‘Wrong’ Trades And Bad Bets

We’ve done it. We’ve jettisoned the two-quarter recession definition. And it didn’t take very long, either.

Two business days on from the advance read on second quarter GDP (which, if the two-quarter rule applied, showed the US economy fell into a recession in the April to June period) and virtually no one, not even ardent bears, is unequivocally in the recession camp.

From the very day the advance read on Q1 GDP in the US showed a contraction, I argued policymakers and White House officials would likely be compelled to redefine the generally accepted definition of the term “recession.” That wasn’t a “prediction,” as such. I’m not making any claim to prescience here.

My point, as reiterated at regular intervals, was simple: With the fiscal impulse waning, the Fed hiking aggressively, mortgage rates rising rapidly and inflation stuck stubbornly at 40-year highs to the detriment of consumer sentiment and business confidence, the odds of a small contraction in the second quarter were elevated.
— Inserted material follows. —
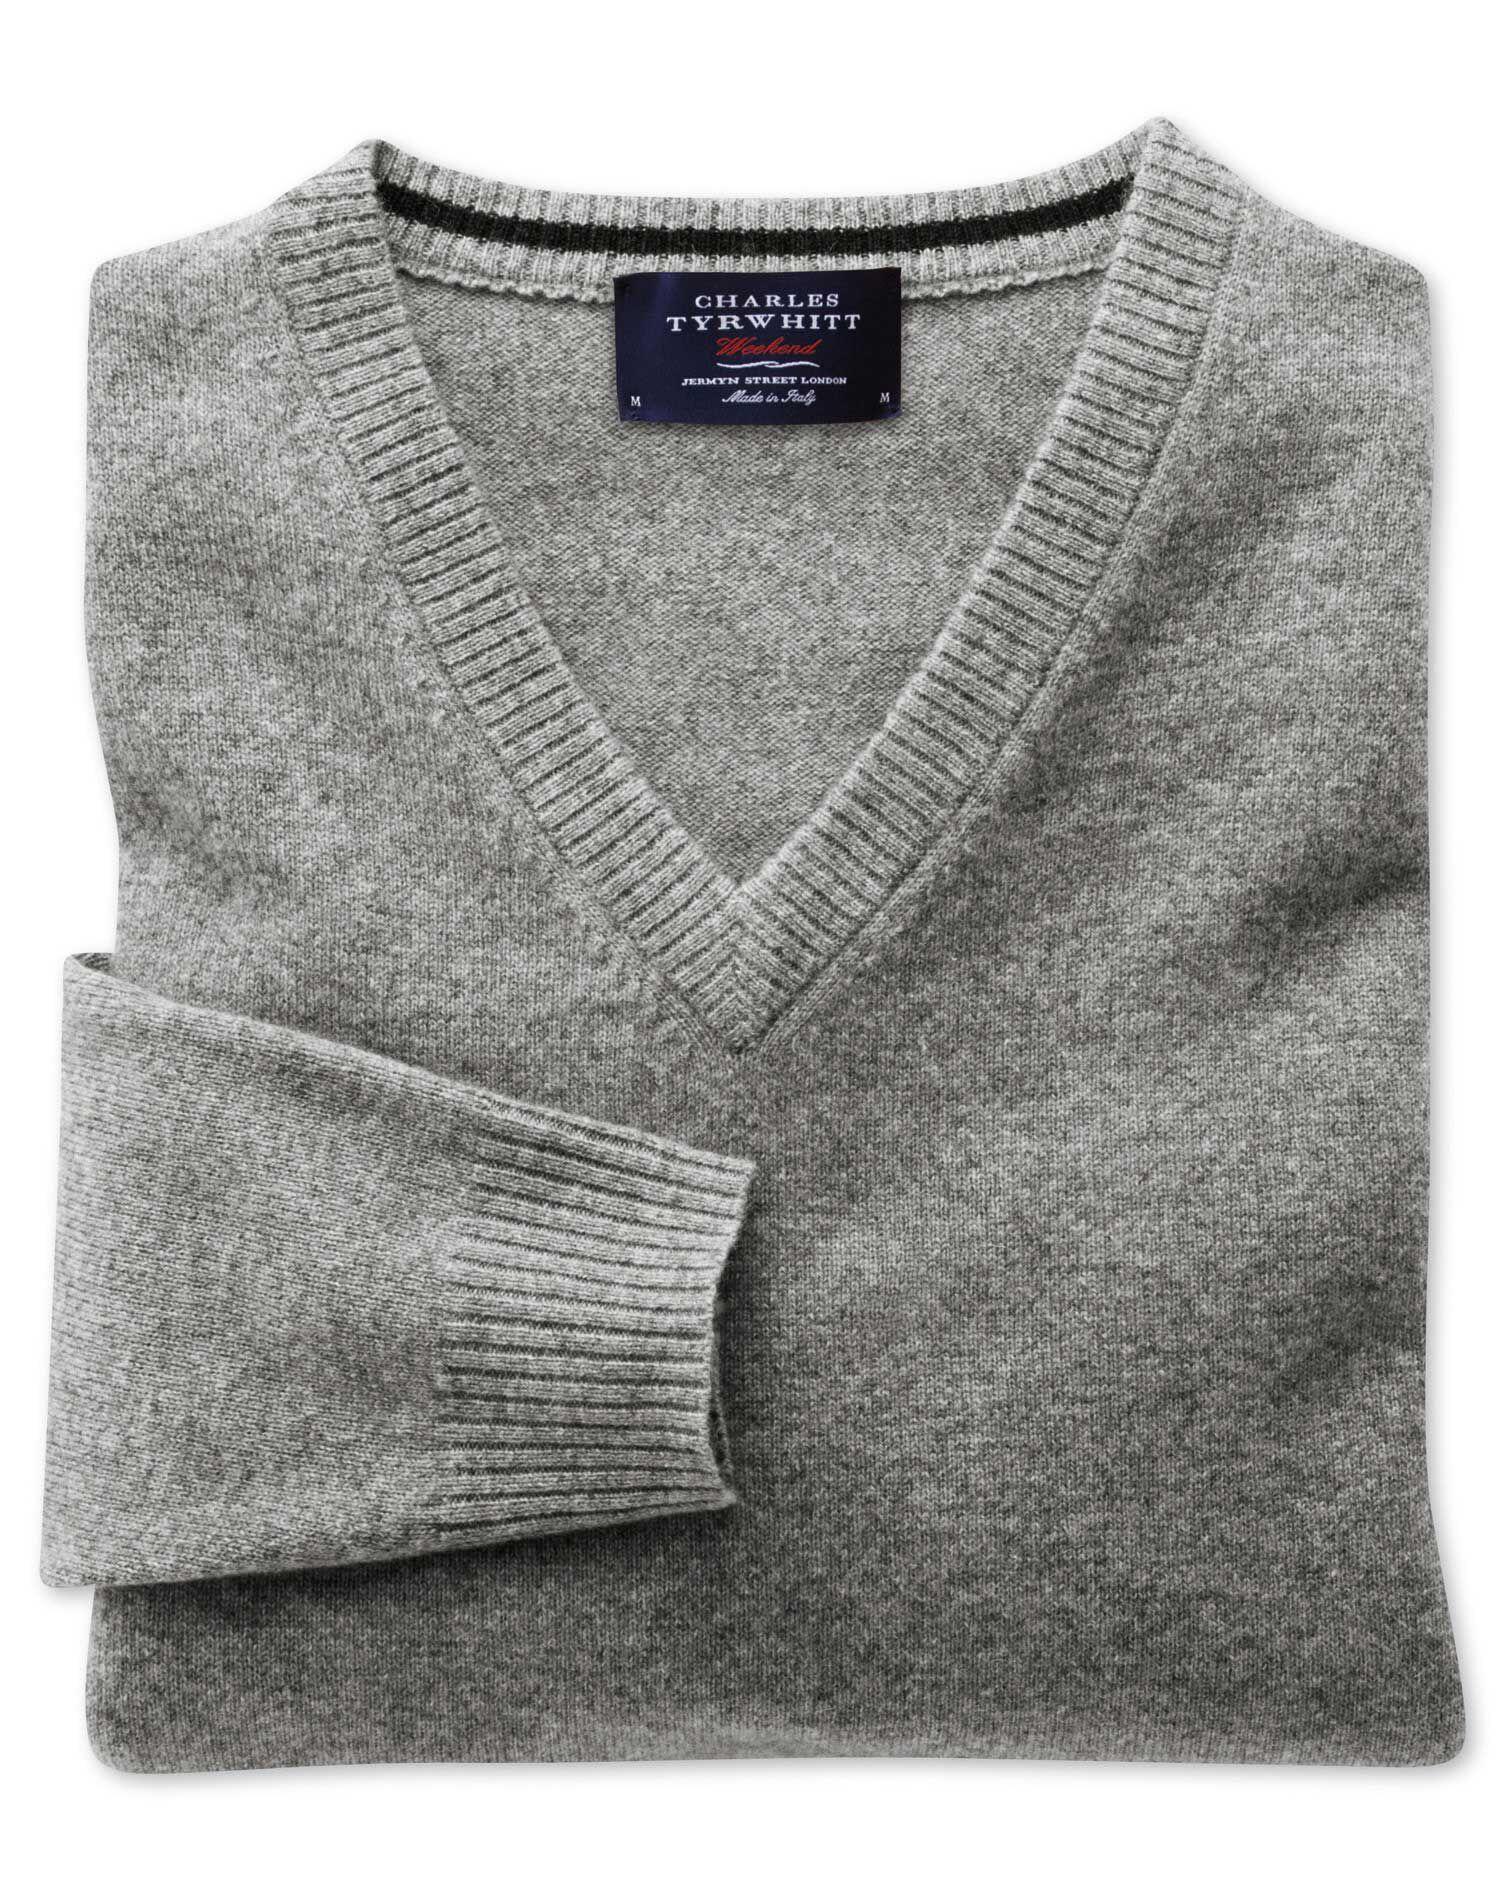 kaschmir pullover mit v ausschnitt in grau g nstig schnell einkaufen. Black Bedroom Furniture Sets. Home Design Ideas

Given the (mostly plausible) arguments for waving away Q1’s contraction by reference to “the way we calculate GDP,” my contention was that officials risked an awkward scenario wherein a quirky negative print for the first quarter was followed by a shallow Q2 contraction, meeting the commonly accepted (if unofficial) definition of a recession, despite a hodgepodge of good reasons to believe the economy isn’t actually in a proper downturn.

That, I suggested, would compel the Biden administration and Fed officials to embark on a PR blitz aimed at demolishing the two-quarter rule. That’s precisely what’s happened. Neel Kashkari joined the effort on Sunday when, during a largely pointless cable television cameo, he told CBS’s John Dickerson that (edited for clarity),

Typically, recessions demonstrate high unemployment and we’re not seeing anything like that. The labor market so far, is very strong. We are seeing some sectors like the tech sector start to shed workers or start to cool hiring. But fundamentally, the labor market appears to be very strong, while GDP — the amount the economy is producing — appears to be shrinking. So, we’re getting mixed signals out of the economy. From my perspective, in terms of getting inflation in check, whether we are technically in a recession or not, doesn’t change my analysis. I’m focused on the inflation data.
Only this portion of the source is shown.